Top of Information shown
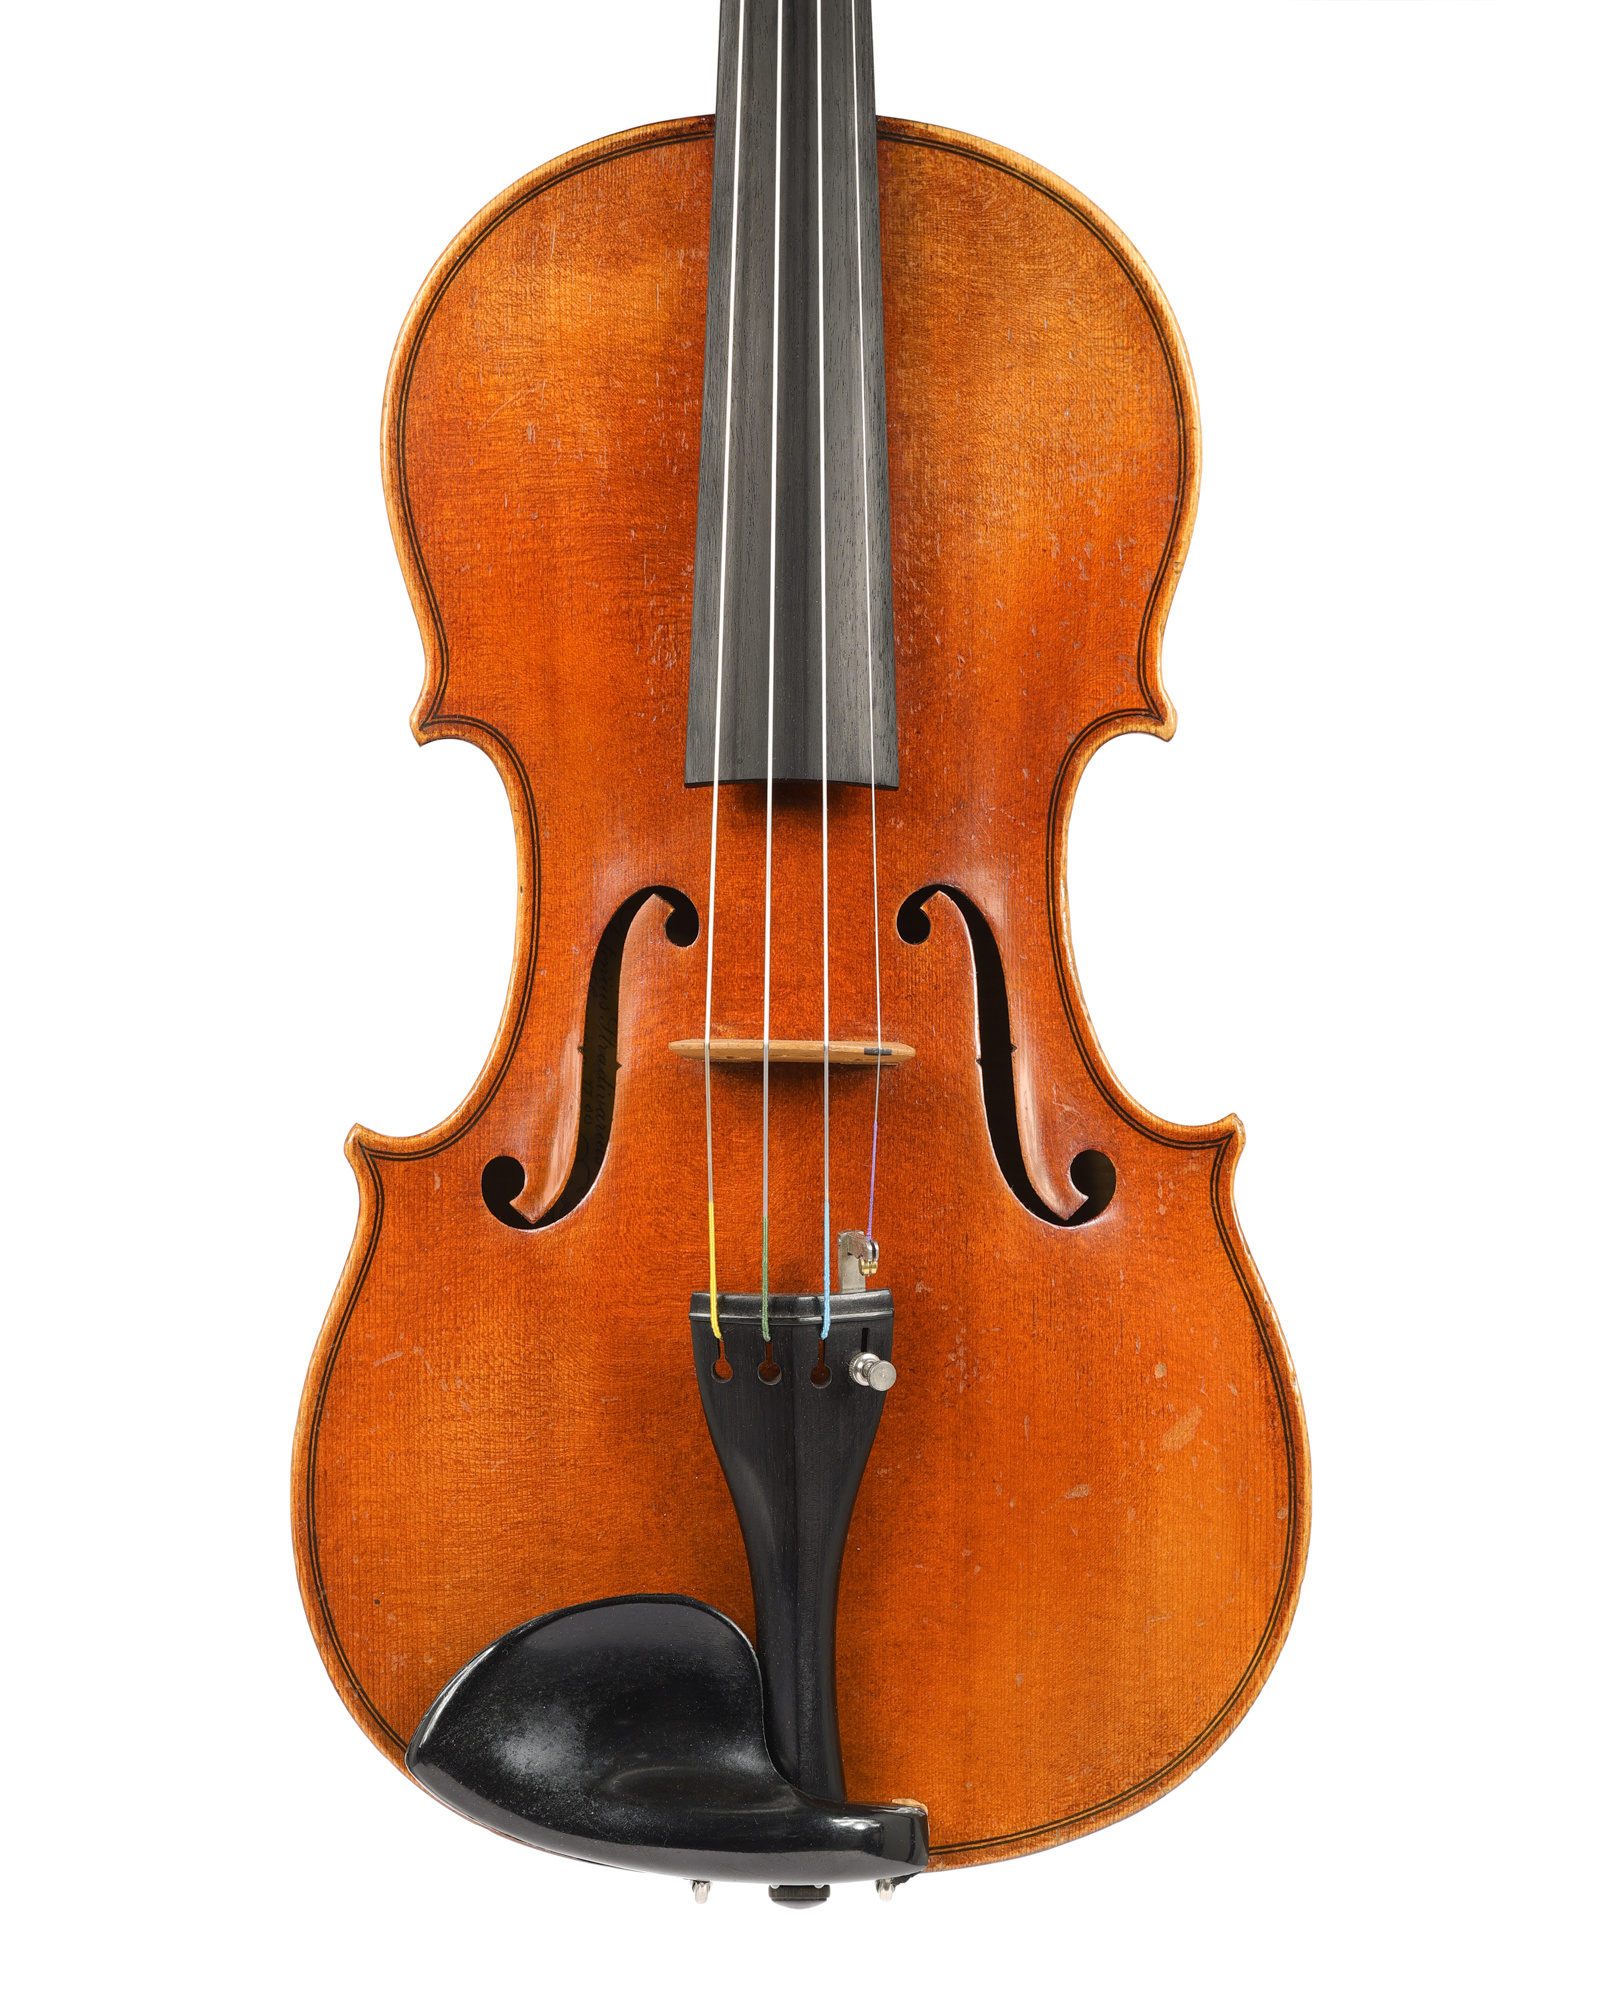 Ernst Heinrich Roth 4/4 violin, 1952, Strad 1700 model, #122-52, Markneukirchen, Germany
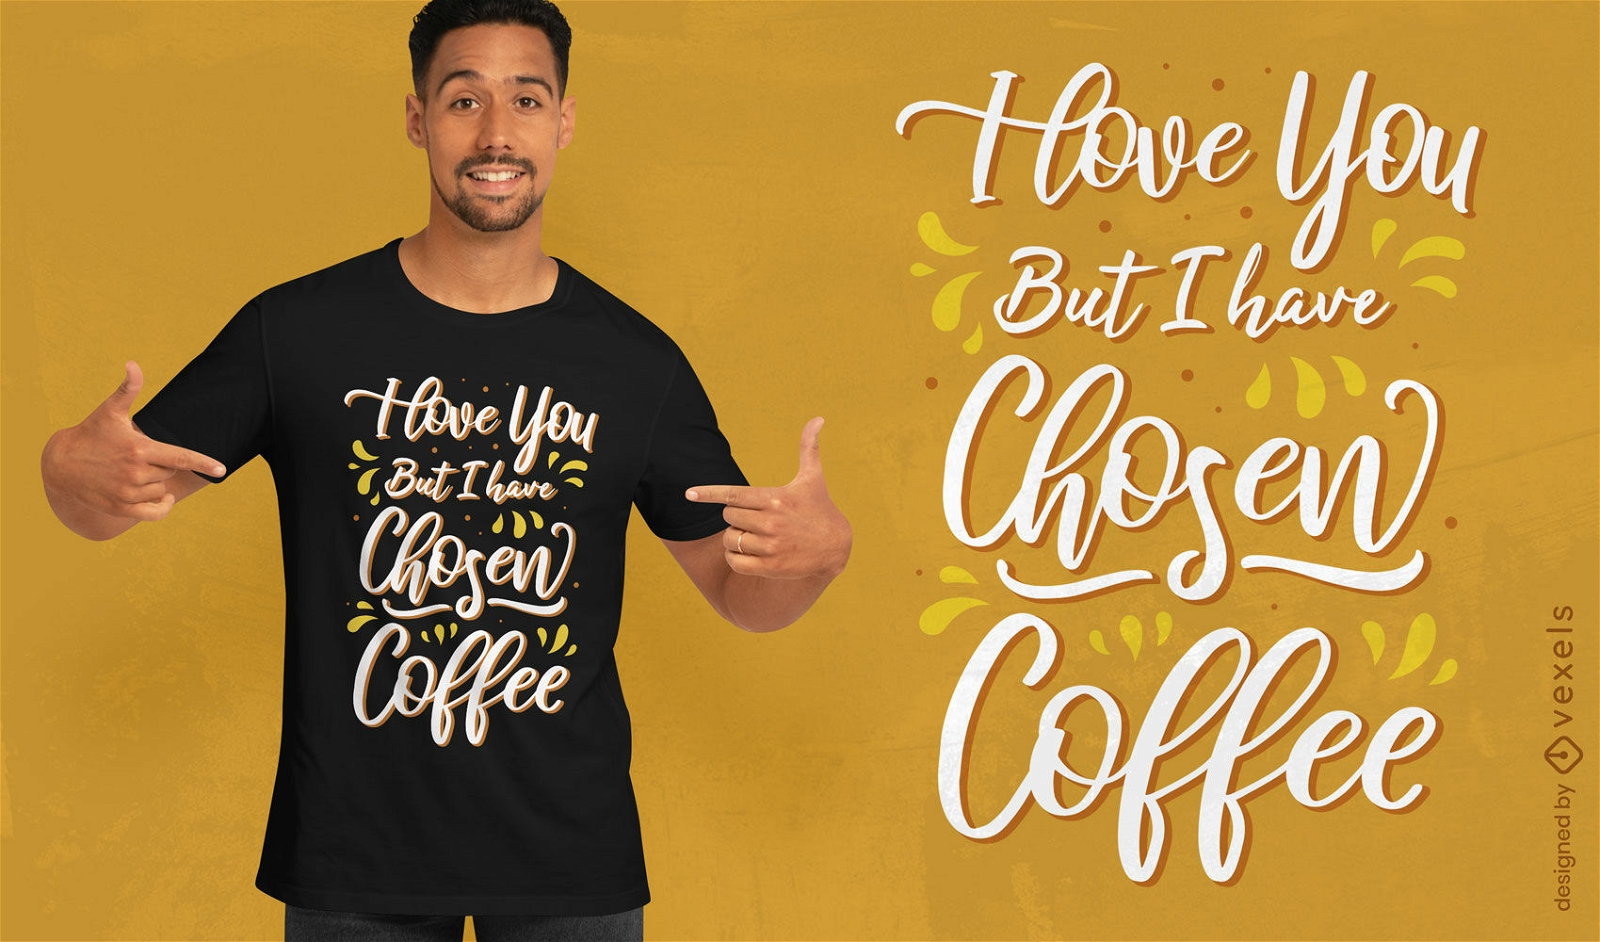 Love coffe quote t-shirt design
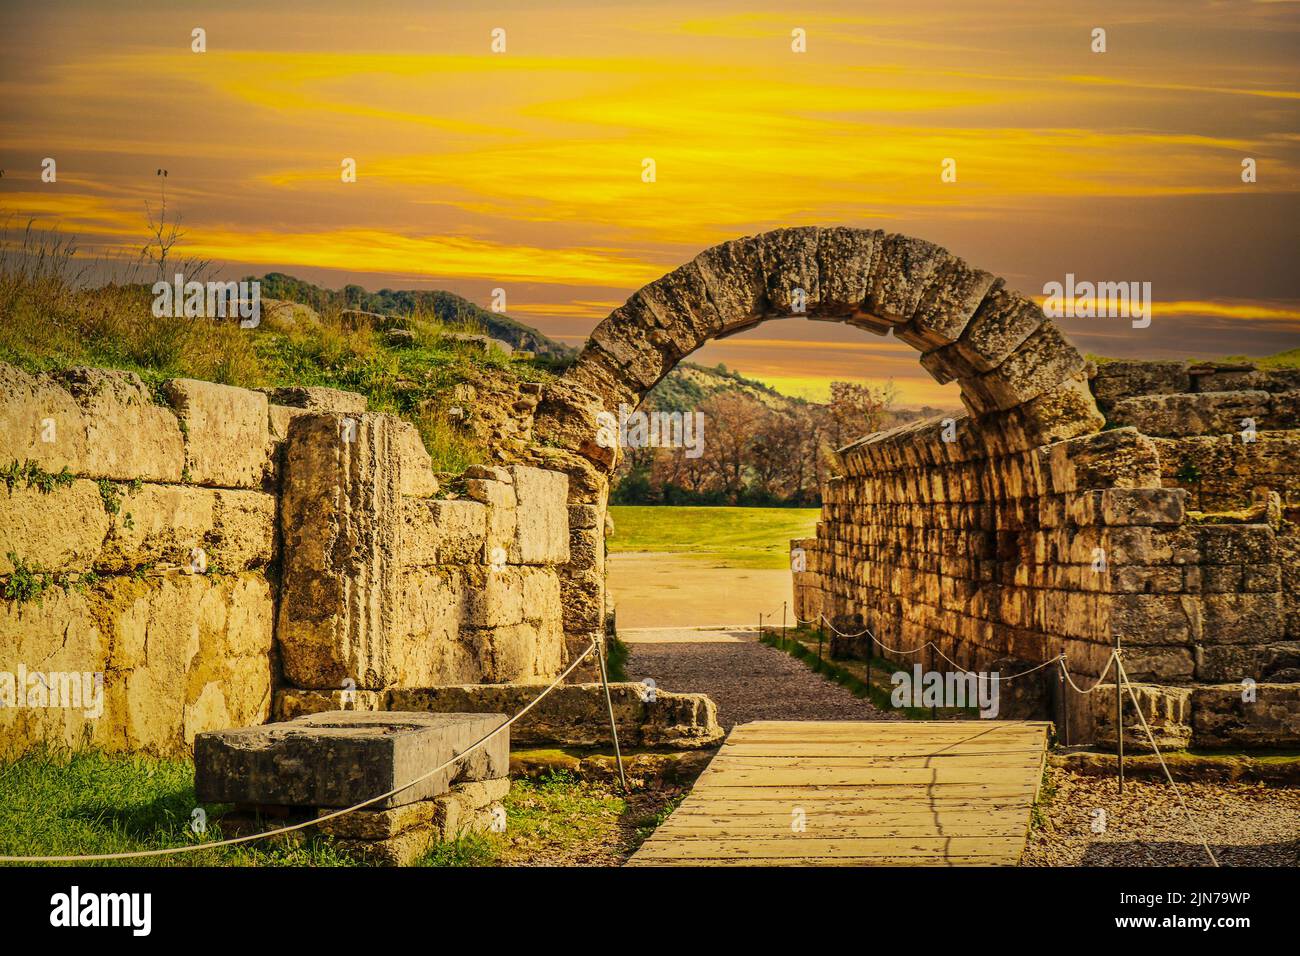 Ingresso stadio - muri in pietra e arco che entrano nel campo dove i primi giochi di Pah Hellenic si sono svolte a Olympia Grecia al tramonto. Foto Stock
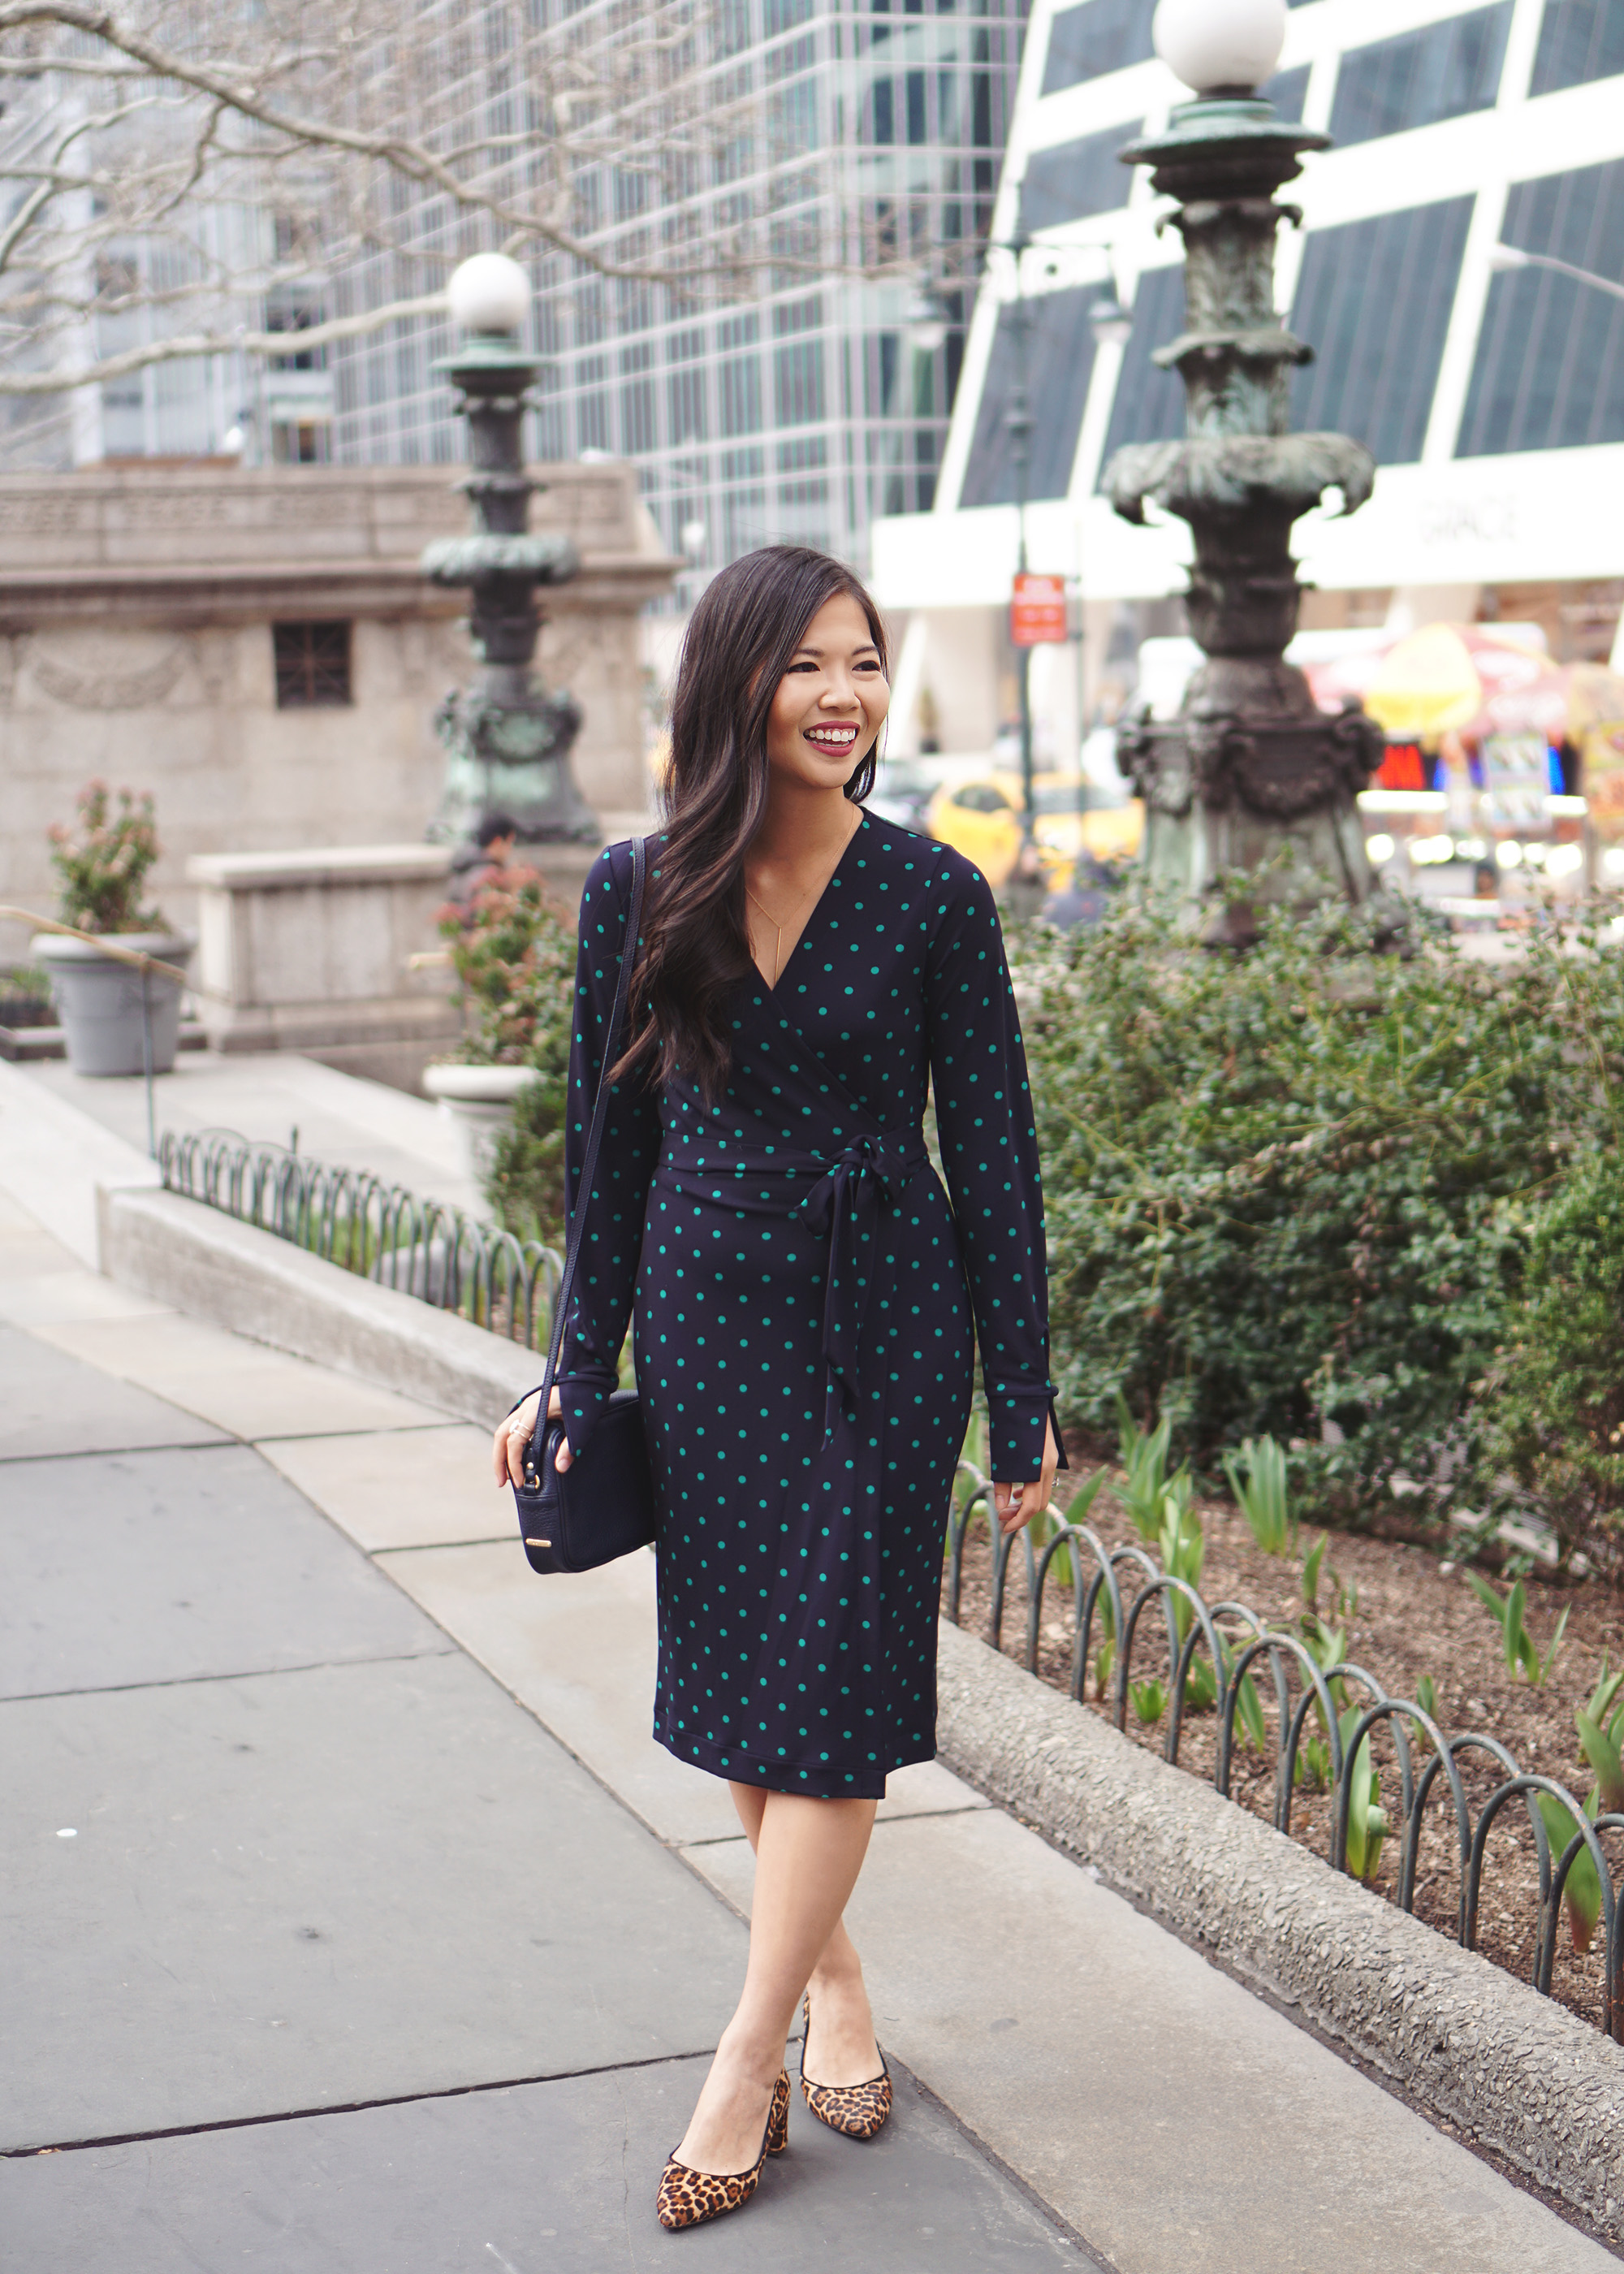 Office Style Inspiration: Polka Dot Wrap Dress
Bottom of Information shown
» Instructions to follow
Omit the pictures. Transcribe word for word the lines from the one containing "Ingresso stadio - muri" through the end of the listing, inclusive.

» Answer to the problem
 Ingresso stadio - muri in pietra e arco che entrano nel campo dove i primi giochi di Pah Hellenic si sono svolte a Olympia Grecia al tramonto. Foto Stock
 Office Style Inspiration: Polka Dot Wrap Dress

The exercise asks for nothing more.